From the Moderator: A Gathering of Friends

Last week I was back in Vancouver, and I invited a group of friends to gather for a morning and “talk church.” Sure, we called it “work”—and it was, sort of—but it also felt like a party. Each person had several minutes to talk about what is happening in her or his particular ministry situation. What are the challenges, the excitement, the green shoots, the problems? What advice would they give the Comprehensive Review Task Group? We ranged in age from 37 to 65, a mixture of men and women; most were congregational ministers, from small and large congregations; a couple of people were connected to the Conference office or the Vancouver School of Theology.

We spent three hours in conversation while I took notes—18 pages of newsprint ended up on the wall (my writing is big and almost unreadable). The conversation was honest and included some painful moments.
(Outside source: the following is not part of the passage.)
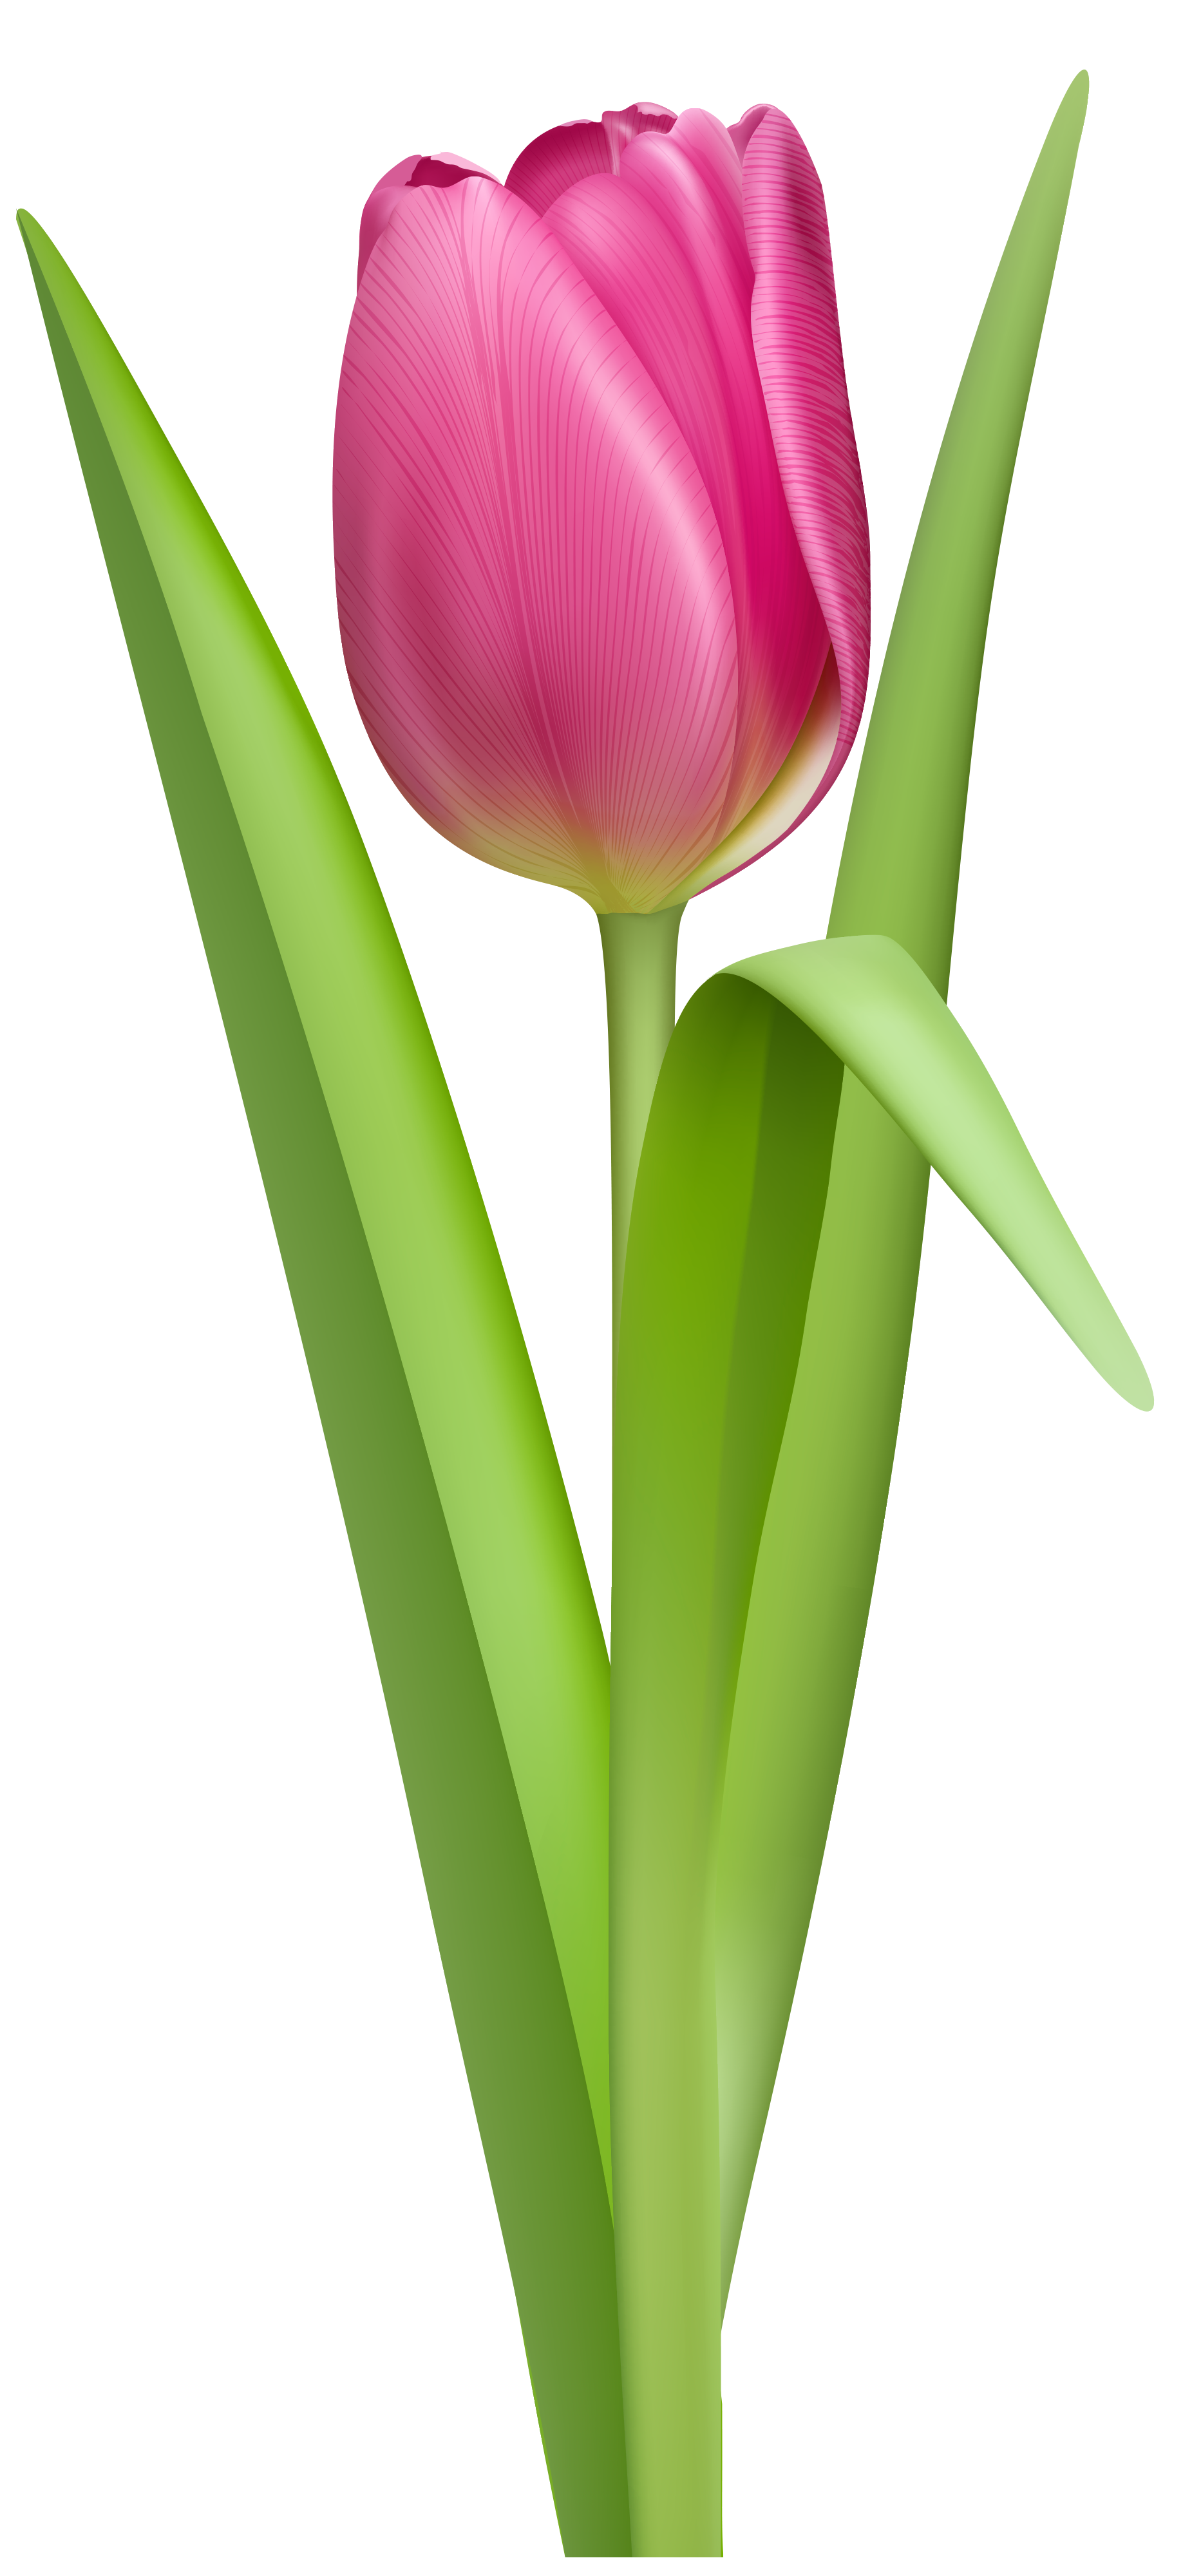 Leaves clipart tulip, Leaves tulip Transparent FREE for ...

There was no sense of competition (my church is doing better than your church) but rather a real bond of collegiality. The discussion was sobering and hopeful, filled with much hard-earned, on-the-ground wisdom, and the energy that emerged was life-giving.

Here are some excerpts of what got said, reorganized into “themes”—but most of it is fairly close to direct quotation (although even I couldn’t always make sense of my newsprint notes :-) ). I share this to spark your thinking rather than to suggest that this is in any way a “definitive word.”

I find myself wondering what it would be like if, all across the country, people did something similar? Why not host such a morning with ministry friends (of all sorts, lay and ordered) where the only agenda is to talk about what’s happening in church and what could happen? Not too much whinging (enough to get it off your chest), but then…lots of dreaming. Who knows what might emerge, what experiments might get launched—and hey, why not take notes and send them along to the Comprehensive Review Task Group?

So here’s some of what we talked about:

  • Church Buildings
    The previous generations overbuilt—we have too many church buildings, but now we feel we need to maintain them. How do we free ourselves from feeling there must be a church building in every town and suburb? How to help congregations let go of their buildings if need be, recognizing they are a by-product of or a tool for the ministry we are called to engage in? Can we let go of what we can no longer resource, like the building, like presbytery? What would it mean to say that Christ is the centre of what we are about, not the institution?
  • New Ministries
    We need to maximize support for experiments on the ground, locally. (This was perhaps the most constant theme.) Polity needs to be permission-giving, not limiting.We need to learn from the business world that 9 out of 10 experiments will probably fail. If we don’t have a good track record of failures, we aren’t doing our job. We need “safe fails” rather than “fail-safes.”On the other hand, how to ensure that new ministries are sustainable? Yes, we need to provide seed money, startup funds…but then what? How entrepreneurial should ministry be?

    Different things will work in different parts of the country: urban/rural, traditional/experimental, big/small, mono/intercultural. And that may mean inequalities. Can we live with that?

    We are called into mission. However, this is not a survival strategy for us but rather a response to God’s work in the community and the world. Where are we looking for the activity of God? Too often we look only inside the church; maybe we need to ask ourselves, “What does the future need to the United Church to be and do?”

  • The Thrift Shop
    In the sixties congregational givings accounted for 95 percent of the budget; now, only 70 percent or less. All congregations need “extra” income from rentals, investment income, or outside businesses, like a thrift shop (or maybe even a restaurant).On the other hand, said one person of her congregation, “There’s a church waiting inside that thrift shop. Three to four hundred people visit the thrift shop every week. They stay for coffee and conversation. We are training folk in the congregation to be good listeners, and to learn more about being in relationship with people living with mental illness. We are practising a powerful ministry of pastoral care. In fact, some of the ‘volunteers’ are sensing a call into ministry. We need to go where the energy is, where mission arises from real passion and not from policy.”